Berna Menezes também perguntou ao sociólogo sobre a importância do trabalho dos servidores públicos. Segundo ele “é um momento muito importante para ajudar a humanidade a pensar. Quem está salvando vidas no país? É o SUS! Se não fosse o SUS, que foi destroçado todos esses anos, especialmente, mas não só, pelos governos Temer e Bolsonaro. Temos que resgatar os sentido público e social da medicina, da saúde, da educação e da previdência. Se não buscarmos uma alternativa, um outro modo de vida pro mundo, vamos conhecer um andar abaixo do inferno. O isolamento é a condição para salvar vida. Médicos, enfermeiros, auxiliares de enfermagem estão dando uma aula de humanidade ao se arriscarem saindo para trabalhar todos os dias. Afinal, quanto ganha um enfermeiro hoje no setor público? Enquanto o capital financeiro pratica o vilipendio por segundo? Nem os países capitalistas avançados, com raras exceções, conseguiram conter a doença sem um número gritante de mortos, pois destruíram os seus sistema de saúde. A humanidade terá que se perguntar: é isso que nós queremos?”

Para a Coordenadora da Assufrgs, “Essa revolução no mundo do trabalho pegou a esquerda de calça curta, a uberização veio por fora, ganhando a cabeça do trabalhador, de que ele seria um empreendedor. Milhares de trabalhadores endividados que compraram carro e moto, para serem entregadores de app. Essa revolução que deveria ser para o inverso, para trabalhar menos. Esse mundo pós pandemia virá com ainda mais força. A desregulamentação das leis trabalhistas, o vale tudo no mundo do trabalho, o privilegio da servidão.” Ricardo Antunes acrescentou que “estamos criando uma massa de escravos digitais, que trabalham 12 horas por dia, numa intensidade brutal e não é verdade que são livres. Esse trabalhador não dá o preço da corrida, não diz como vai ganhar, não pode recusar as corridas sem justificativa. É um forma de escravidão. Uma massa inteira de desempregados precisando aceitar qualquer trabalho. Aqueles que diziam que íamos entrar no admirável mundo da felicidade, esqueceram que a felicidade verdadeira é só para 3% da população mundial. Para ficar no Brasil, apenas 5 ou 6 empresários mais ricos do Brasil ganham o que produzem 100 milhões de brasileiras todos os dias. Há alguma coisa de podre nisso tudo”
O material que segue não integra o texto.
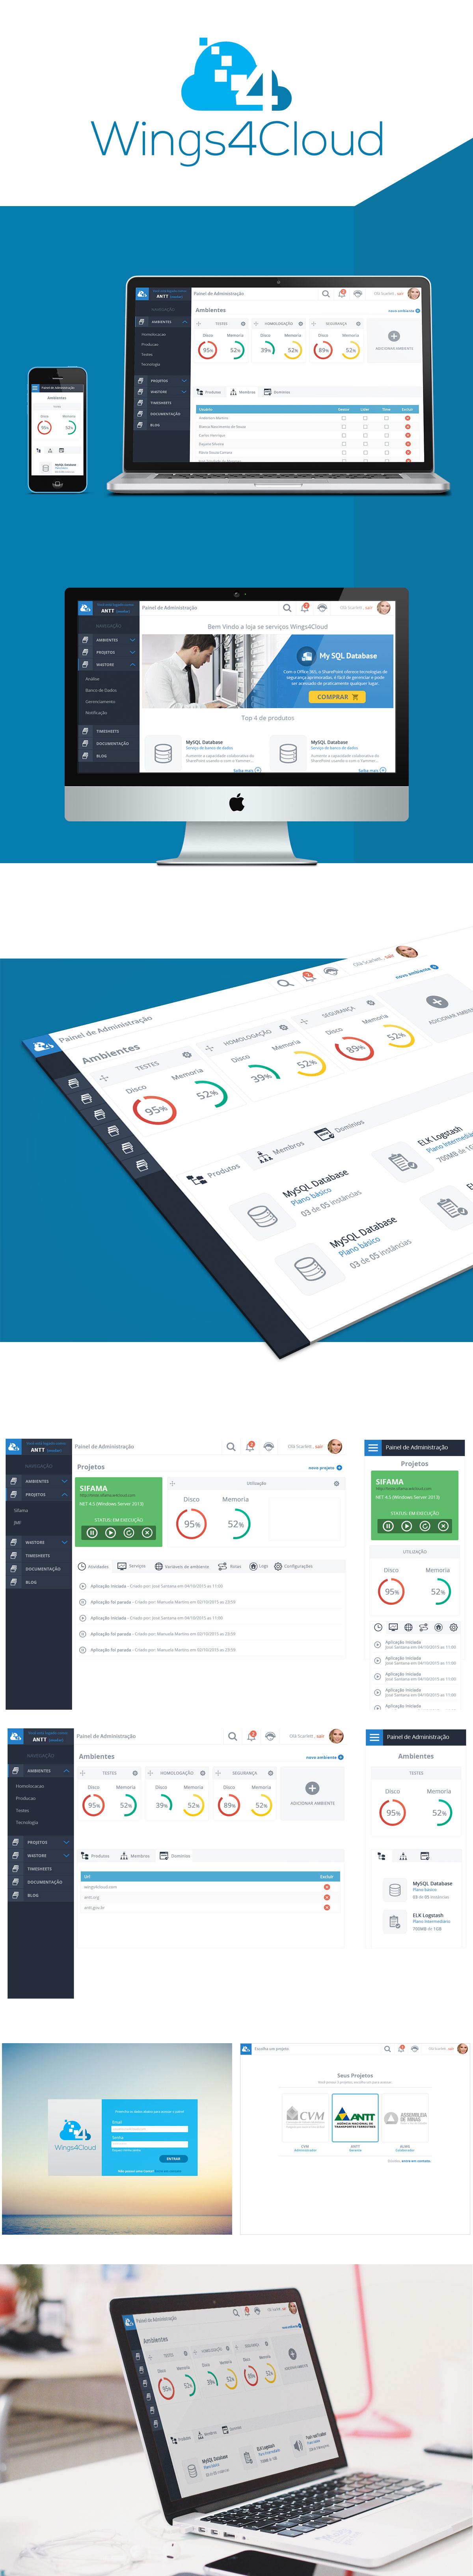 dashboard mobile app Web service cloud designer ux UI

Como saída para esse quadro negativo, Berna Menezes alerta que a pandemia deve servir para um abertura de consciência dos trabalhadores. “Não é mais possível aceitar trabalhos sem direitos, na informalidade. É necessário taxar lucro das grandes fortunas, do mercado financeiros e dos bancos. Assim teremos dinheiro para pagar uma valor digno para a população, não míseros R$600. Vai ter dinheiro para o SUS, para a educação pública, para a previdência social.”, finalizou Ricardo Antunes.